Werk uit m.b.v. de rekenregels
- \(\dfrac{q^{-2}}{q^{\frac{-1}{2}}}\)
- \(\dfrac{a^{\frac{5}{4}}}{a^{\frac{3}{2}}}\)
- \(\dfrac{q^{\frac{5}{4}}}{q^{1}}\)
- \(\dfrac{x^{\frac{-1}{2}}}{x^{\frac{-1}{2}}}\)
- \(\dfrac{q^{\frac{2}{3}}}{q^{-1}}\)
- \(\dfrac{a^{1}}{a^{\frac{-1}{4}}}\)
- \(\dfrac{y^{\frac{-1}{5}}}{y^{\frac{5}{6}}}\)
- \(\dfrac{a^{\frac{3}{4}}}{a^{\frac{5}{2}}}\)
- \(\dfrac{a^{\frac{3}{4}}}{a^{\frac{3}{4}}}\)
- \(\dfrac{x^{\frac{-5}{3}}}{x^{\frac{-5}{2}}}\)
- \(\dfrac{a^{1}}{a^{\frac{-2}{3}}}\)
- \(\dfrac{a^{-1}}{a^{\frac{1}{2}}}\)
Werk uit m.b.v. de rekenregels
Verbetersleutel
- \(\dfrac{q^{-2}}{q^{\frac{-1}{2}}}\\= q^{ -2 - (\frac{-1}{2}) }= q^{\frac{-3}{2}}\\=\frac{1}{ \sqrt{ q^{3} } }\\=\frac{1}{|q|. \sqrt{ q } }=\frac{1}{|q|. \sqrt{ q } }
\color{purple}{\frac{ \sqrt{ q } }{ \sqrt{ q } }} \\=\frac{ \sqrt{ q } }{|q^{2}|}\\---------------\)
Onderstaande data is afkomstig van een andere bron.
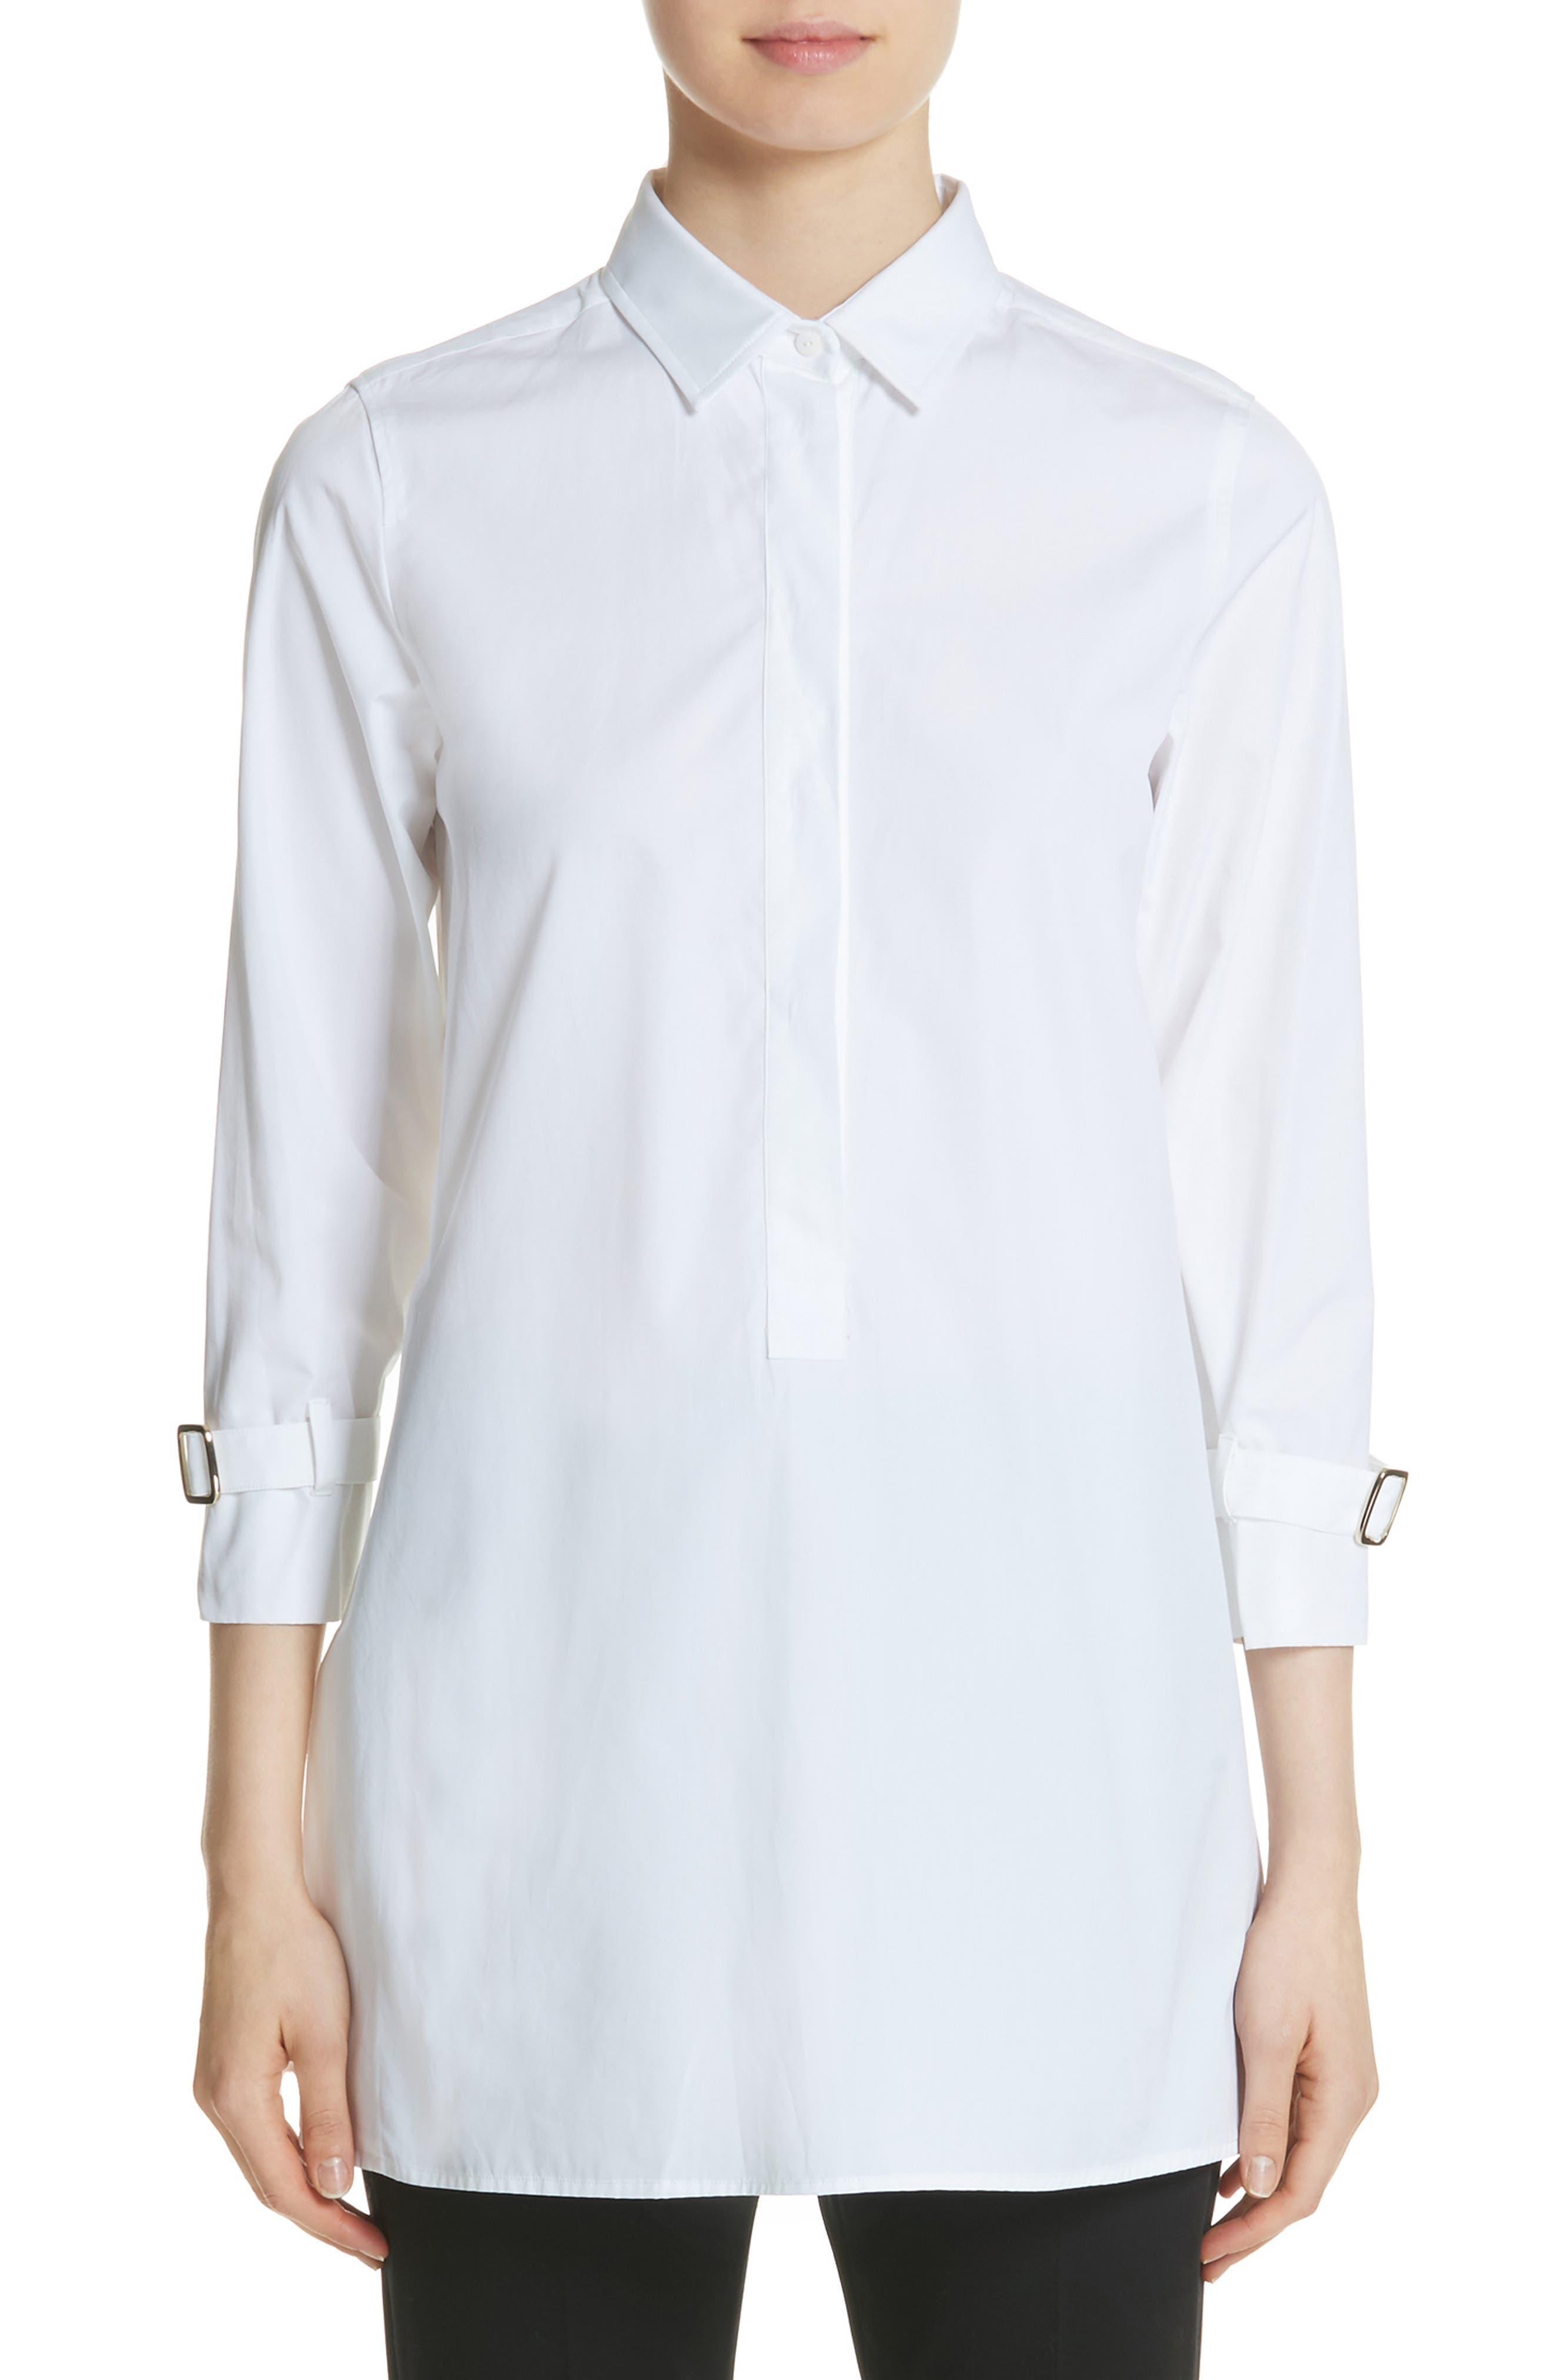 Max Mara Disegno Cotton Shirt

- \(\dfrac{a^{\frac{5}{4}}}{a^{\frac{3}{2}}}\\= a^{ \frac{5}{4} - \frac{3}{2} }= a^{\frac{-1}{4}}\\=\frac{1}{\sqrt[4]{ a }}=\frac{1}{\sqrt[4]{ a }}.
\color{purple}{\frac{\sqrt[4]{ a^{3} }}{\sqrt[4]{ a^{3} }}} \\=\frac{\sqrt[4]{ a^{3} }}{|a|}\\---------------\)
- \(\dfrac{q^{\frac{5}{4}}}{q^{1}}\\= q^{ \frac{5}{4} - 1 }= q^{\frac{1}{4}}\\=\sqrt[4]{ q }\\---------------\)
- \(\dfrac{x^{\frac{-1}{2}}}{x^{\frac{-1}{2}}}\\= x^{ \frac{-1}{2} - (\frac{-1}{2}) }= x^{0}\\=1\\---------------\)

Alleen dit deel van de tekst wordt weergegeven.